• **TASK BRIEF**
Take the line containing "Produktfoto zu Tomatenmark" and every line after it to the end of the data, and write them out exactly as they appear.
--- SUPPLIED RECORDS ---
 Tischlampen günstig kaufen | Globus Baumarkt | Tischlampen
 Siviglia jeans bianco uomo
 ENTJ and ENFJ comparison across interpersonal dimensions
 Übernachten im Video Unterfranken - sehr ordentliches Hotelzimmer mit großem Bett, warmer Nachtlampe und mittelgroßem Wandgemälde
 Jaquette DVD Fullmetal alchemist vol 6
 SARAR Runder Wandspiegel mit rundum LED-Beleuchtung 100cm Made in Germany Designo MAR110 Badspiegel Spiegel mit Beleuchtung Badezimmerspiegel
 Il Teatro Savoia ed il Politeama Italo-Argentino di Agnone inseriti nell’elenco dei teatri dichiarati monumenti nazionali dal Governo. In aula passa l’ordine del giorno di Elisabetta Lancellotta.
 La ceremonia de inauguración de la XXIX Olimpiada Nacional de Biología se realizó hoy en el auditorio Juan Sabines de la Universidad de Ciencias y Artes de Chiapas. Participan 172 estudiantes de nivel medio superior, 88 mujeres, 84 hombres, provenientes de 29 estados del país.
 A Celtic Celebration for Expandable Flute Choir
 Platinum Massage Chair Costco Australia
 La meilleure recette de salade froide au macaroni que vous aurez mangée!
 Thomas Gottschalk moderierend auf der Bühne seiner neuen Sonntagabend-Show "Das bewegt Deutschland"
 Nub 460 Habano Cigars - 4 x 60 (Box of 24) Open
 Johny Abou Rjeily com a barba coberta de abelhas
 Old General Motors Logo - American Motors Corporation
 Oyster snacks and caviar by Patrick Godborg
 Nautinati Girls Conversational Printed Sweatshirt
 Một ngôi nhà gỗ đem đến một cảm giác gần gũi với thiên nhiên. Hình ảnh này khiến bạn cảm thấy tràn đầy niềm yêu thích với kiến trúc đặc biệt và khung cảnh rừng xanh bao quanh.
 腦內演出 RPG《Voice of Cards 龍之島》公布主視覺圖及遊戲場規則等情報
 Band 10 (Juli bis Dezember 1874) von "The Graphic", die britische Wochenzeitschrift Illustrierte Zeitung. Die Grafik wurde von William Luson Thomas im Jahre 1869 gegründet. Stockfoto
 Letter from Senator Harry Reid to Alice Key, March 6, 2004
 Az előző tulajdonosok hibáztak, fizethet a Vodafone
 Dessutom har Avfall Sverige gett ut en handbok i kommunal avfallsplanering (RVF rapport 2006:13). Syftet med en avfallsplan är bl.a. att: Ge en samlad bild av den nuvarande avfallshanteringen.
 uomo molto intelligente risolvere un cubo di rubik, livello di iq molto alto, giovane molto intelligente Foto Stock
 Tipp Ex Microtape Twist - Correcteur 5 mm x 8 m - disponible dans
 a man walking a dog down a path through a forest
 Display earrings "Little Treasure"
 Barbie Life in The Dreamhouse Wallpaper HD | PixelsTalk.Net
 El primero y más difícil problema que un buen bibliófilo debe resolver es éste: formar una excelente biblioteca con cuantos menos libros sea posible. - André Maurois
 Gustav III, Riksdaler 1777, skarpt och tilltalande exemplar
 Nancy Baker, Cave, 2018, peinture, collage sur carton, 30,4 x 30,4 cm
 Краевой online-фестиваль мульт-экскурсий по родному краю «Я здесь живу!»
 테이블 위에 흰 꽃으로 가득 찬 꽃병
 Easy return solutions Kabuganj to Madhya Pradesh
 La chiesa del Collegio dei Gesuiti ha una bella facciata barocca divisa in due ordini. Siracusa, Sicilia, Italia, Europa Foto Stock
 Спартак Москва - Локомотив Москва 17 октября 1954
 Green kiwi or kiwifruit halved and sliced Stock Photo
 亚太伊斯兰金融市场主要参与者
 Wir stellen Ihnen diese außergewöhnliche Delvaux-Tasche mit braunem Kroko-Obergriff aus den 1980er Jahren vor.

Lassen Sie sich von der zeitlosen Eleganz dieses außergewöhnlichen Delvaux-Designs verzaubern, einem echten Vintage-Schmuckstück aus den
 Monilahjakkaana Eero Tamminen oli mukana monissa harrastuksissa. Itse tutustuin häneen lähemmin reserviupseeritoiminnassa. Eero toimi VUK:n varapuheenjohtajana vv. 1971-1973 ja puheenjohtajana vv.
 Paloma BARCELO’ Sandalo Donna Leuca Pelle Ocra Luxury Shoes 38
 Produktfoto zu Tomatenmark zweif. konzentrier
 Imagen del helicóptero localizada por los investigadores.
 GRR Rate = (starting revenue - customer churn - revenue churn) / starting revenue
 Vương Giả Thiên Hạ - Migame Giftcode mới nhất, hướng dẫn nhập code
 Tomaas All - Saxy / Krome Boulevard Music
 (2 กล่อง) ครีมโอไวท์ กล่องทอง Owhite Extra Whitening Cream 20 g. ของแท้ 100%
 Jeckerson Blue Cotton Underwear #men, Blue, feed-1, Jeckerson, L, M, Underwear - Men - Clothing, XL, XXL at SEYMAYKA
---
• **EXPECTED ANSWER**
 Produktfoto zu Tomatenmark zweif. konzentrier
 Imagen del helicóptero localizada por los investigadores.
 GRR Rate = (starting revenue - customer churn - revenue churn) / starting revenue
 Vương Giả Thiên Hạ - Migame Giftcode mới nhất, hướng dẫn nhập code
 Tomaas All - Saxy / Krome Boulevard Music
 (2 กล่อง) ครีมโอไวท์ กล่องทอง Owhite Extra Whitening Cream 20 g. ของแท้ 100%
 Jeckerson Blue Cotton Underwear #men, Blue, feed-1, Jeckerson, L, M, Underwear - Men - Clothing, XL, XXL at SEYMAYKA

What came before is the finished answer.